### Directions for this task
Copy task. Retype the whole listing exactly, omitting any picture in it.

### Data excerpt
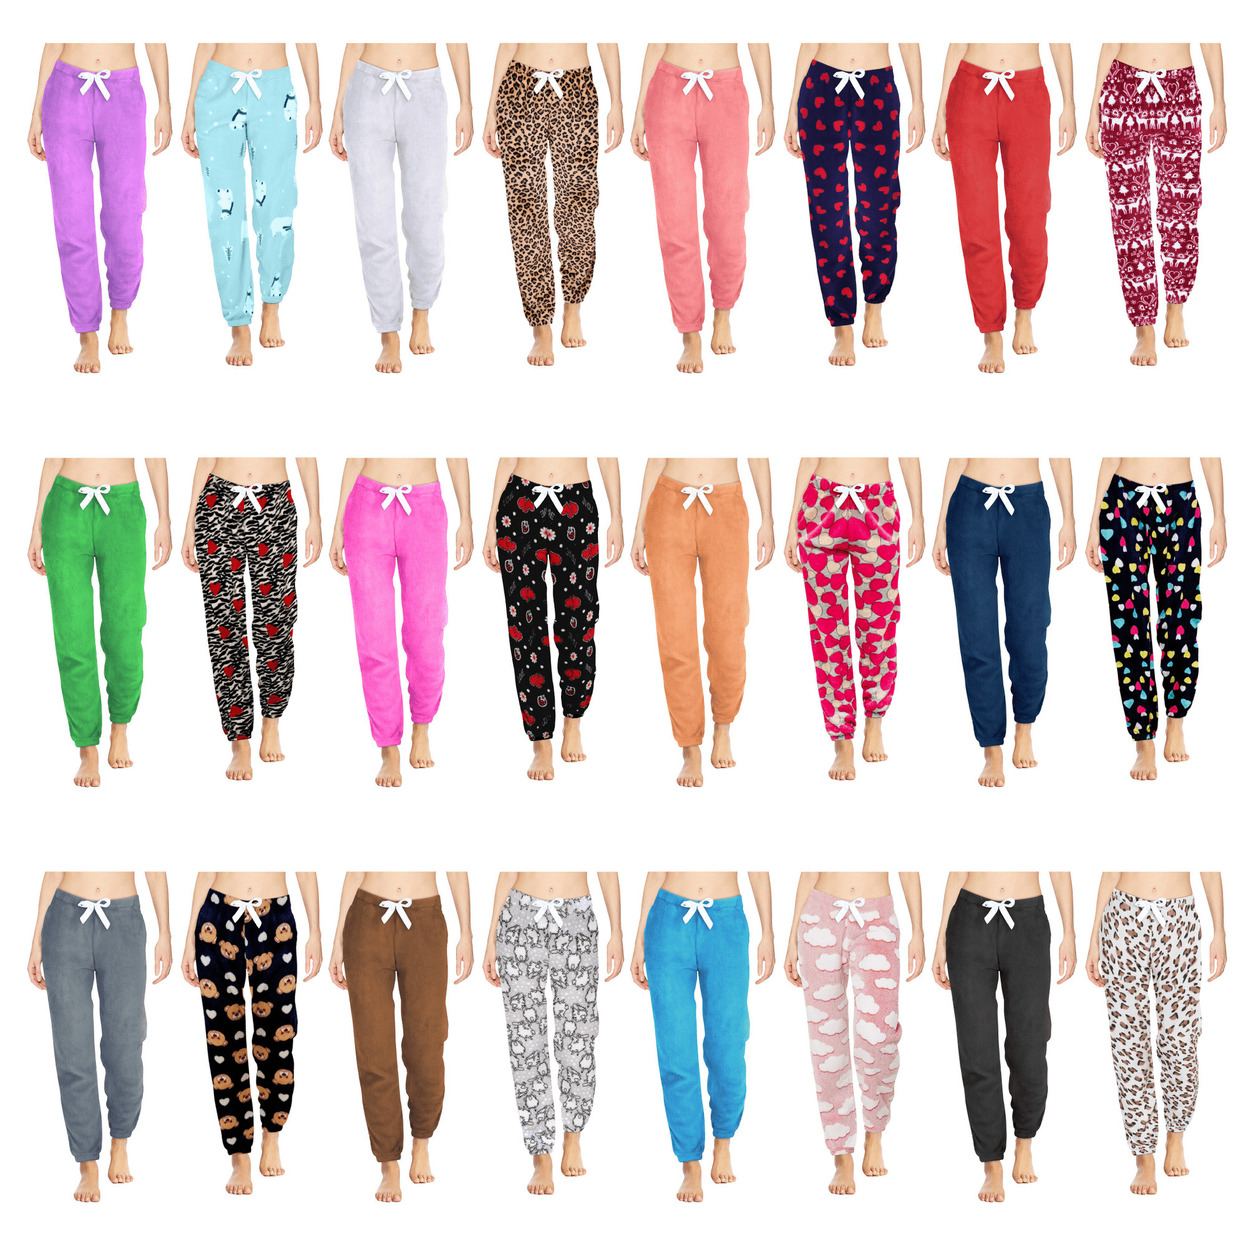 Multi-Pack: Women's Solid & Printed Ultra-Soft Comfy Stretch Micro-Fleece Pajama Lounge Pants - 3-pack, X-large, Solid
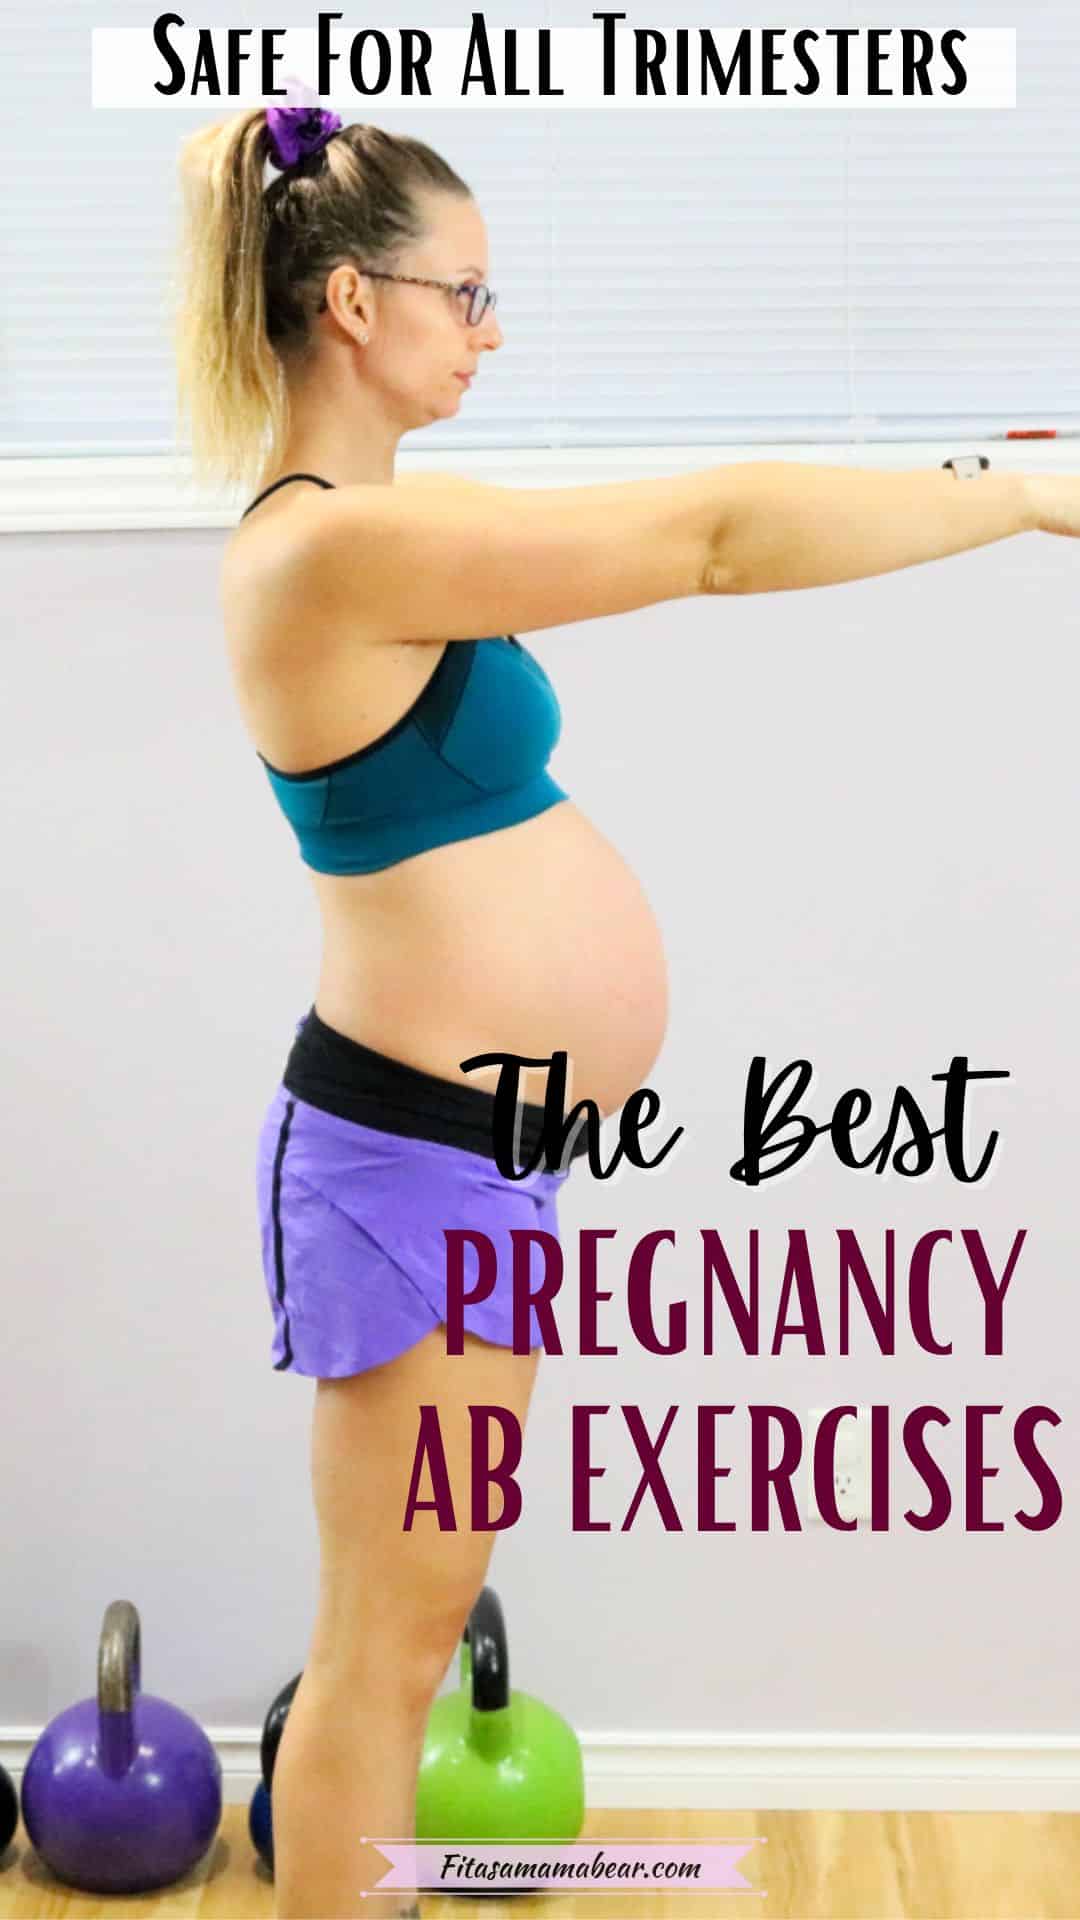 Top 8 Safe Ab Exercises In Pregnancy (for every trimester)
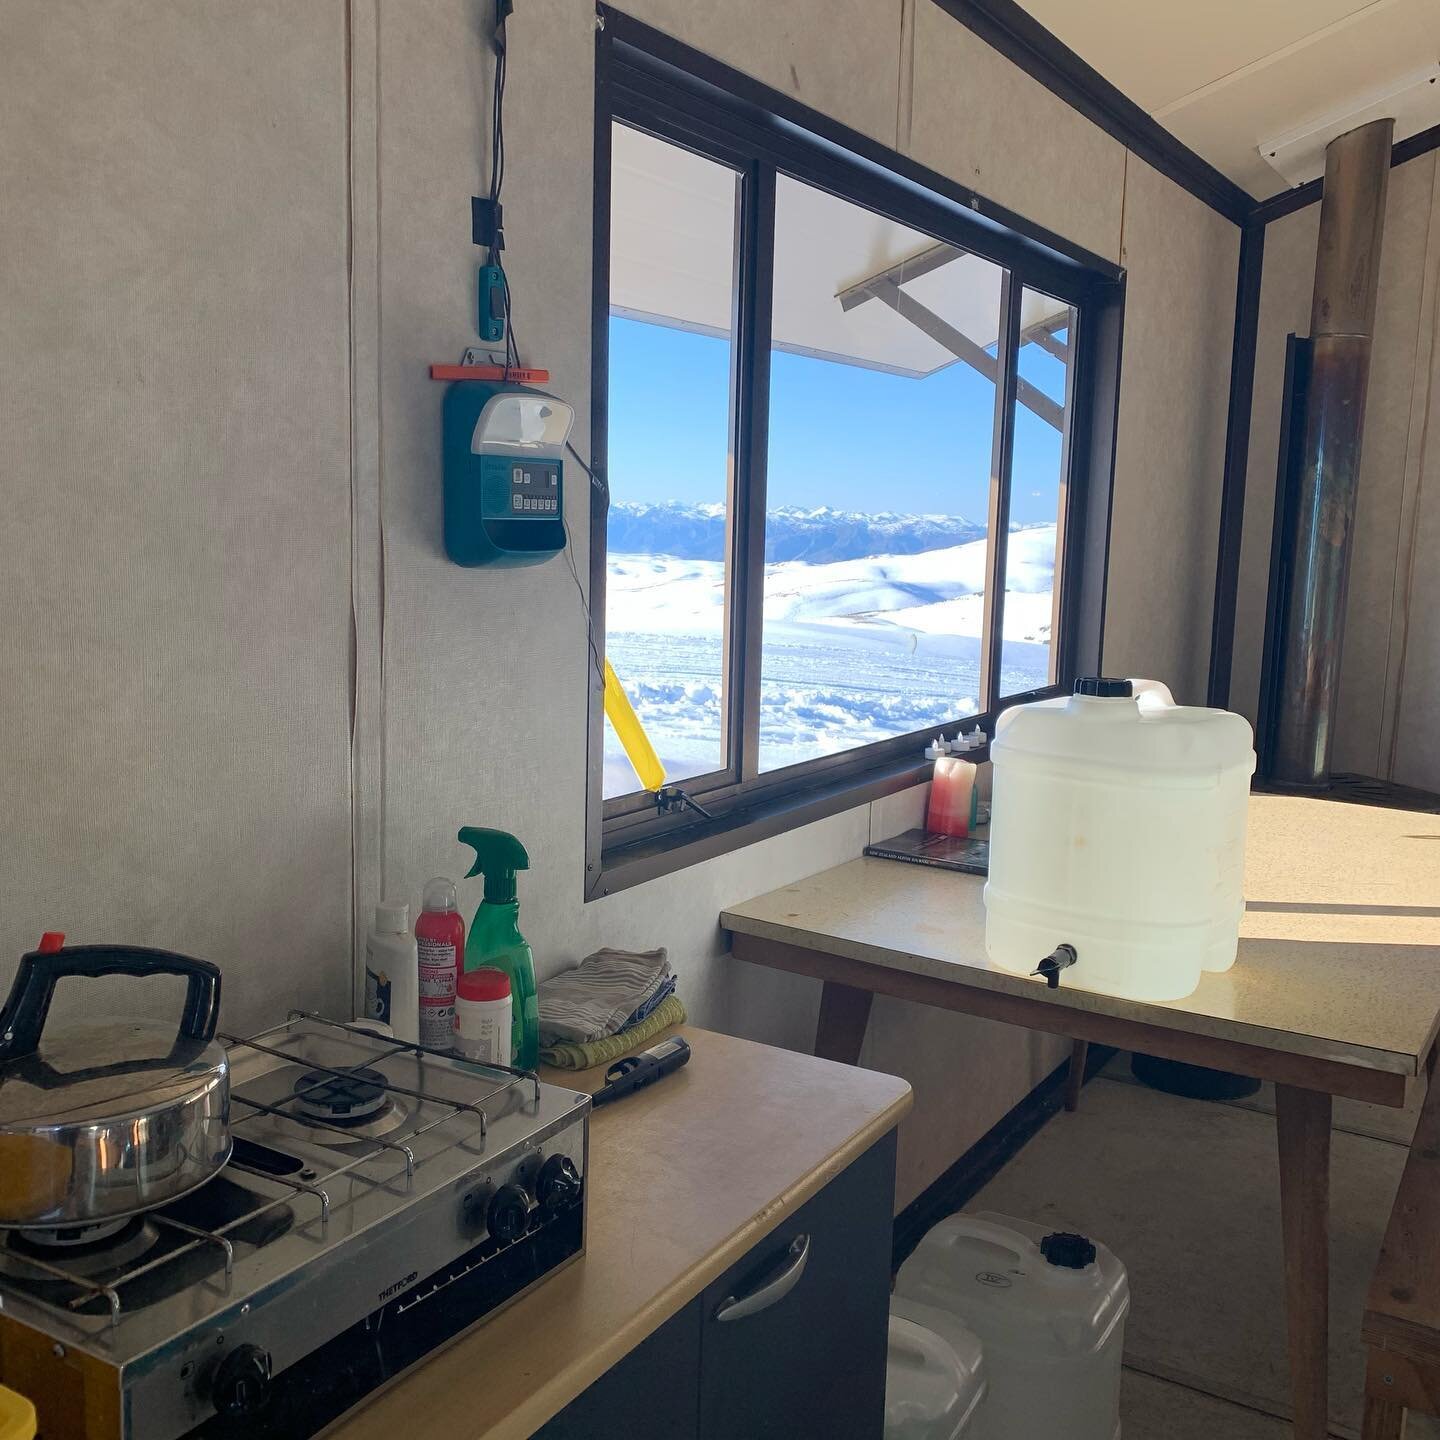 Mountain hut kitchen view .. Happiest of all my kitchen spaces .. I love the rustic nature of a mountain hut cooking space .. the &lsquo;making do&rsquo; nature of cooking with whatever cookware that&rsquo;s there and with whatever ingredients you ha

### Task answer
 Multi-Pack: Women's Solid & Printed Ultra-Soft Comfy Stretch Micro-Fleece Pajama Lounge Pants - 3-pack, X-large, Solid
 Top 8 Safe Ab Exercises In Pregnancy (for every trimester)
 Mountain hut kitchen view .. Happiest of all my kitchen spaces .. I love the rustic nature of a mountain hut cooking space .. the &lsquo;making do&rsquo; nature of cooking with whatever cookware that&rsquo;s there and with whatever ingredients you ha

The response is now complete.